WAN is true if the block refers to the WAN ring of that datacenter (rather than LAN).

Datacenter is the datacenter the block refers to.

Keys is a map of each gossip key to the number of nodes it's currently installed on.

NumNodes is the total number of nodes in the datacenter.

POST Method

Using the POST method, this endpoint will install a new gossip encryption key into the cluster. There is more information on gossip encryption available here.

The POST method expects a JSON request body to be submitted. The request body must look like:

{
  "Key": "3lg9DxVfKNzI8O+IQ5Ek+Q=="
}

The Key field is mandatory and provides the encryption key to install into the cluster.
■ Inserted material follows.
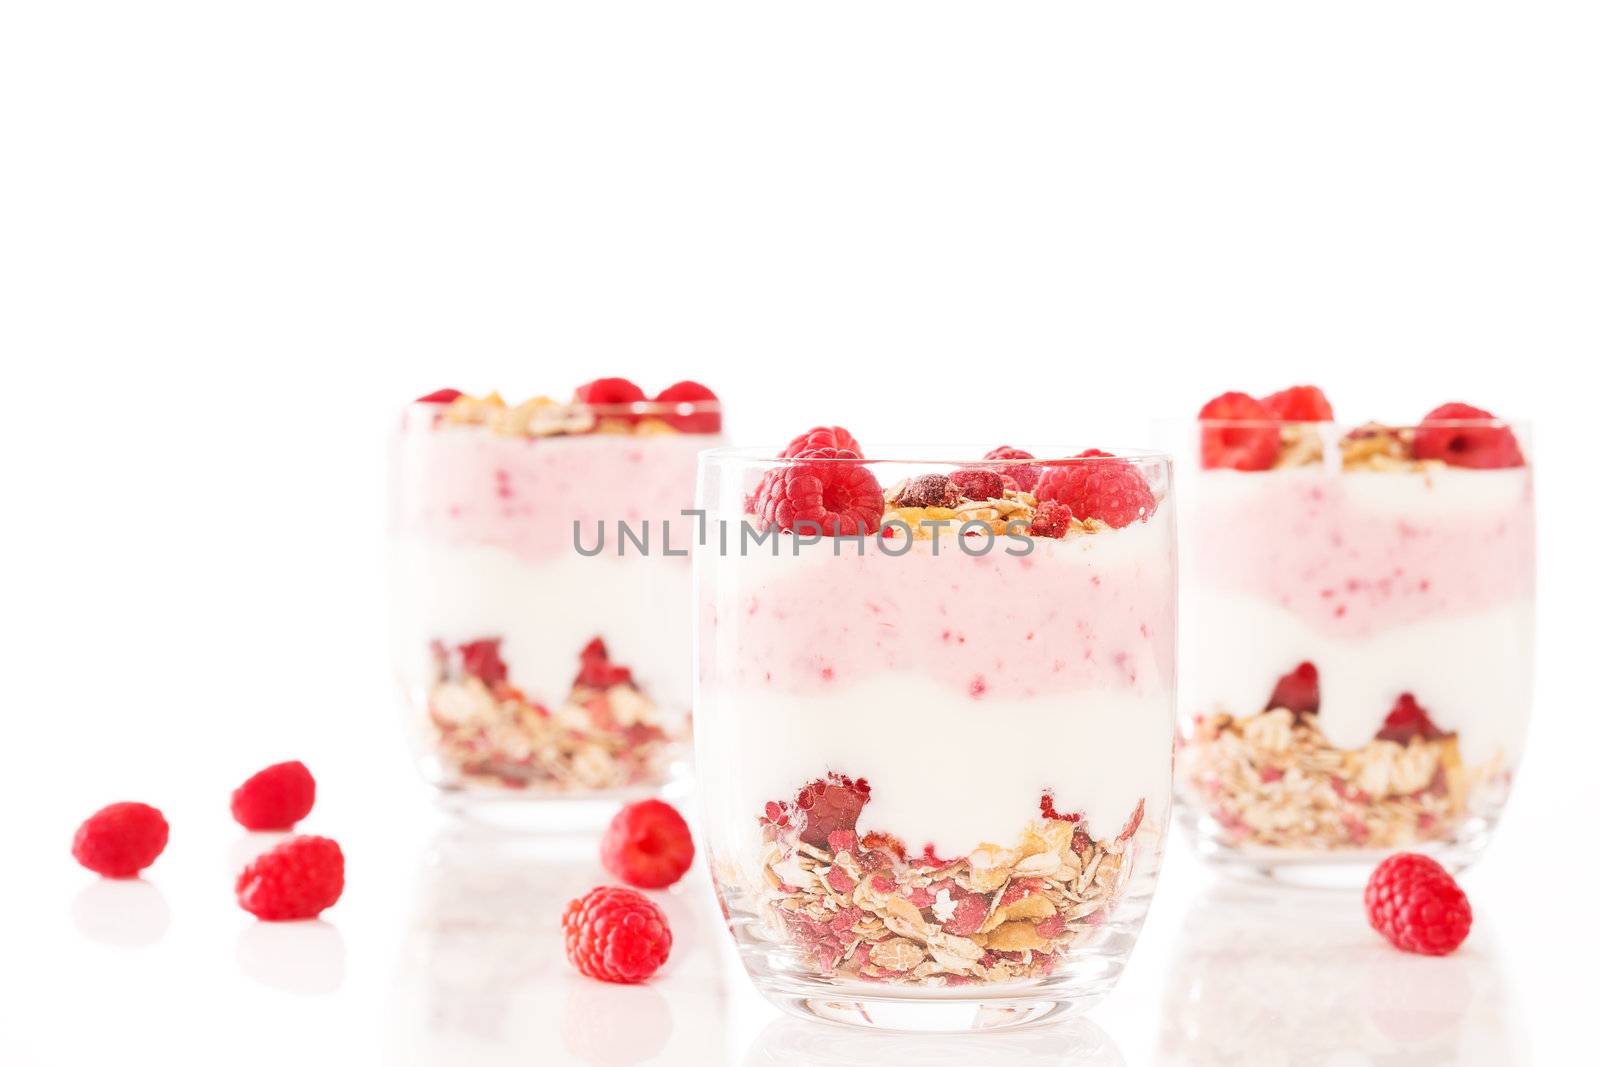 muesli yoghurt dessert wih raspberries by RobStark
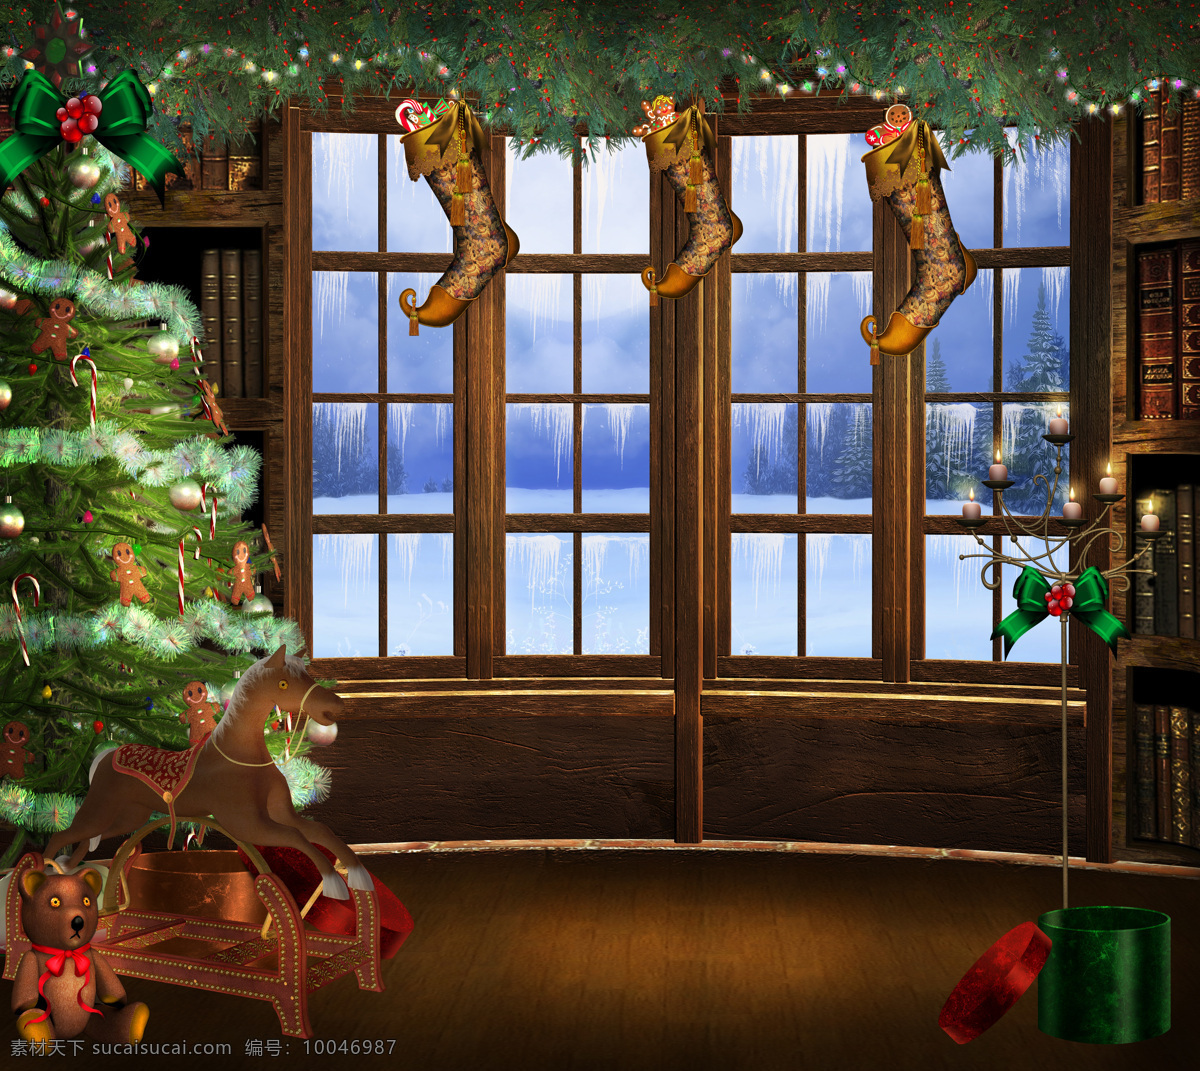 梦幻 圣诞 圣诞节 梦幻圣诞节 节日快乐 圣诞树 圣诞礼物 礼物 窗户 雪花 冰条 节日庆典 生活百科

If ACLs are enabled, the client will need to supply an ACL Token with keyring write privileges.

The return code will indicate success or failure.

PUT Method

Using the PUT method, this endpoint will change the primary gossip encryption key. The key must already be installed before this operation can succeed. There is more information on gossip encryption available here.

The PUT method expects a JSON request body to be submitted. The request body must look like:

{
 "Key": "3lg9DxVfKNzI8O+IQ5Ek+Q=="
}

The Key field is mandatory and provides the primary encryption key to begin using.

If ACLs are enabled, the client will need to supply an ACL Token with keyring write privileges.

The return code will indicate success or failure.

DELETE Method

Using the DELETE method, this endpoint will remove a gossip encryption key from the cluster. This operation may only be performed on keys which are not currently the primary key. There is more information on gossip encryption available here.

The DELETE method expects a JSON request body to be submitted. The request body must look like:

{
 "Key": "3lg9DxVfKNzI8O+IQ5Ek+Q=="
}

The Key field is mandatory and provides the encryption key to remove from the cluster.

If ACLs are enabled, the client will need to supply an ACL Token with keyring write privileges.

The return code will indicate success or failure.

Network Areas

~> The network area functionality described here is available only in Consul Enterprise version 0.8.0 and later.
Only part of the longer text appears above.